Mr. Kravis, Mr. Beattie’s best-known client, also became a friend. The two shared a love of fishing and horseback riding. When Mr. Kravis’s son Harrison died in a car accident at the family ranch in Colorado in 1991, Mr. Beattie flew with him to bring the body home.
“He was there the whole way with me,” Mr. Kravis recalled. “When he was a friend, he was a friend.”
Beyond corporate law, Mr. Beattie took a keen interest in government and education. At the Department of Health, Education and Welfare, where he worked from 1977 to 1979, he focused on civil rights matters and helped create Title IX protections against sex-based discrimination at educational institutions that receive federal funds.
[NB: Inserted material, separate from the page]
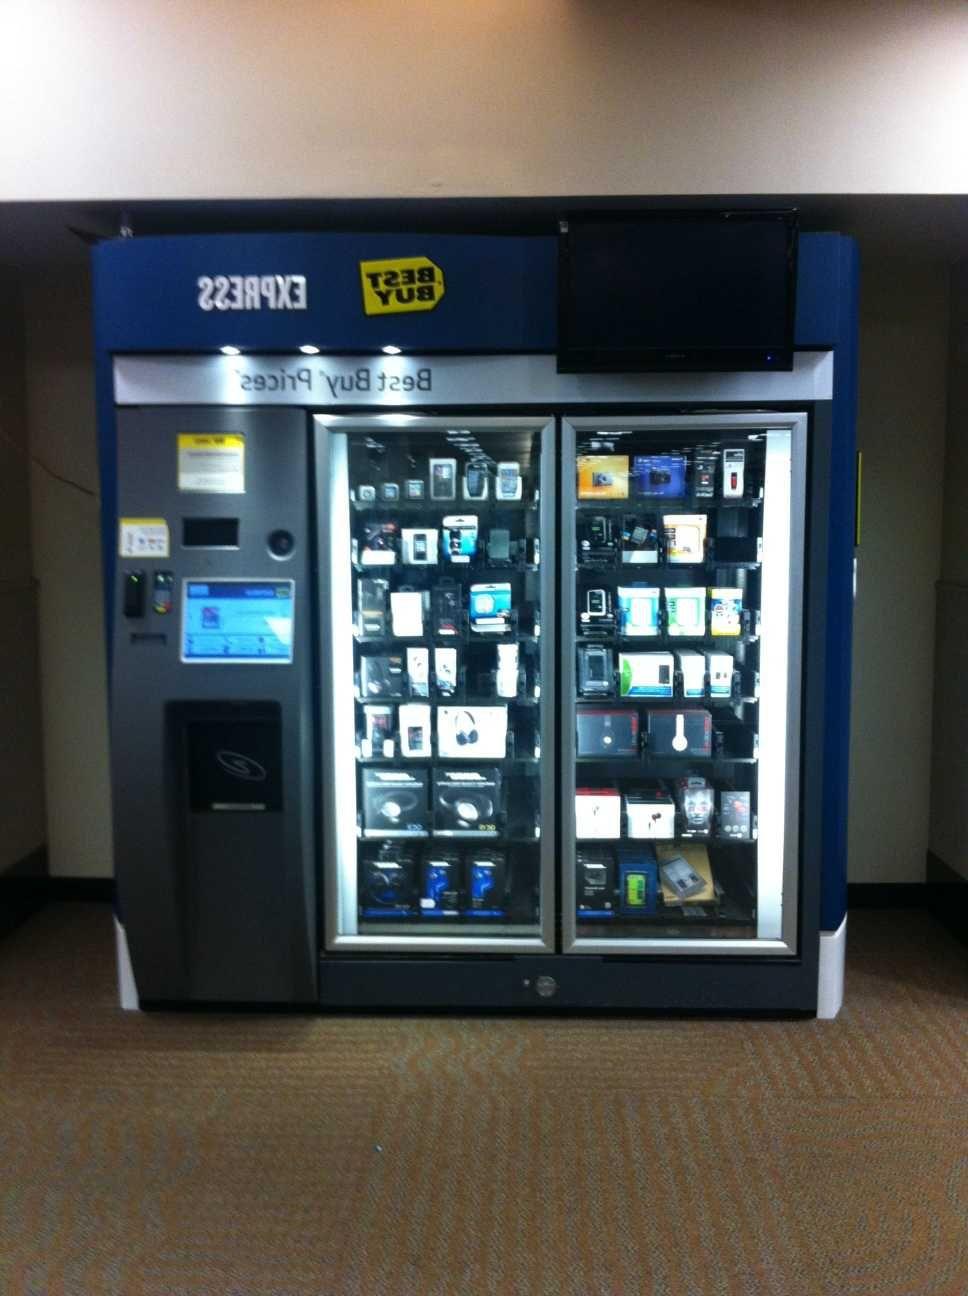 Best Buy Tech Vending Machine Minneapolis Airport Engagement At Coffee Vending Machines Vending Machine Vending Machines For Sale

In 1980, he was called on to help spin out the Department of Education as a separate cabinet agency; he worked as director of the transition under Shirley M. Hufstedler, who became the first education secretary. Decades later, he served in Bill Clinton’s administration as a special envoy to Cyprus.
Education was also a focus of Mr. Beattie’s philanthropic efforts. In the 1980s, he was asked by Mayor Edward I. Koch of New York to join the city’s Board of Education. In 1989, Mr. Beattie founded New Visions for Public Schools, a nonprofit that championed smaller public schools in New York; its board was stocked with Wall Street leaders.
“Dick was passionate that public education was the source of upward mobility in our society,” said Mr. Schlosstein, who serves on New Visions’ board.
Mr. Beattie also served on the board of Memorial Sloan Kettering Cancer Center.
In addition to Ms. Frelinghuysen, he is survived by his wife; his daughter Nina Beattie; his younger sister, Evelyn Lewis; and six grandchildren.
David Tatel, a retired federal appeals court judge and another Carter administration veteran, said there was only one way to describe Mr. Beattie.
“The right word is giant,” he said. “There were giants in the ’60s and ’70s. There are very few giants left today. Dick was one of them.”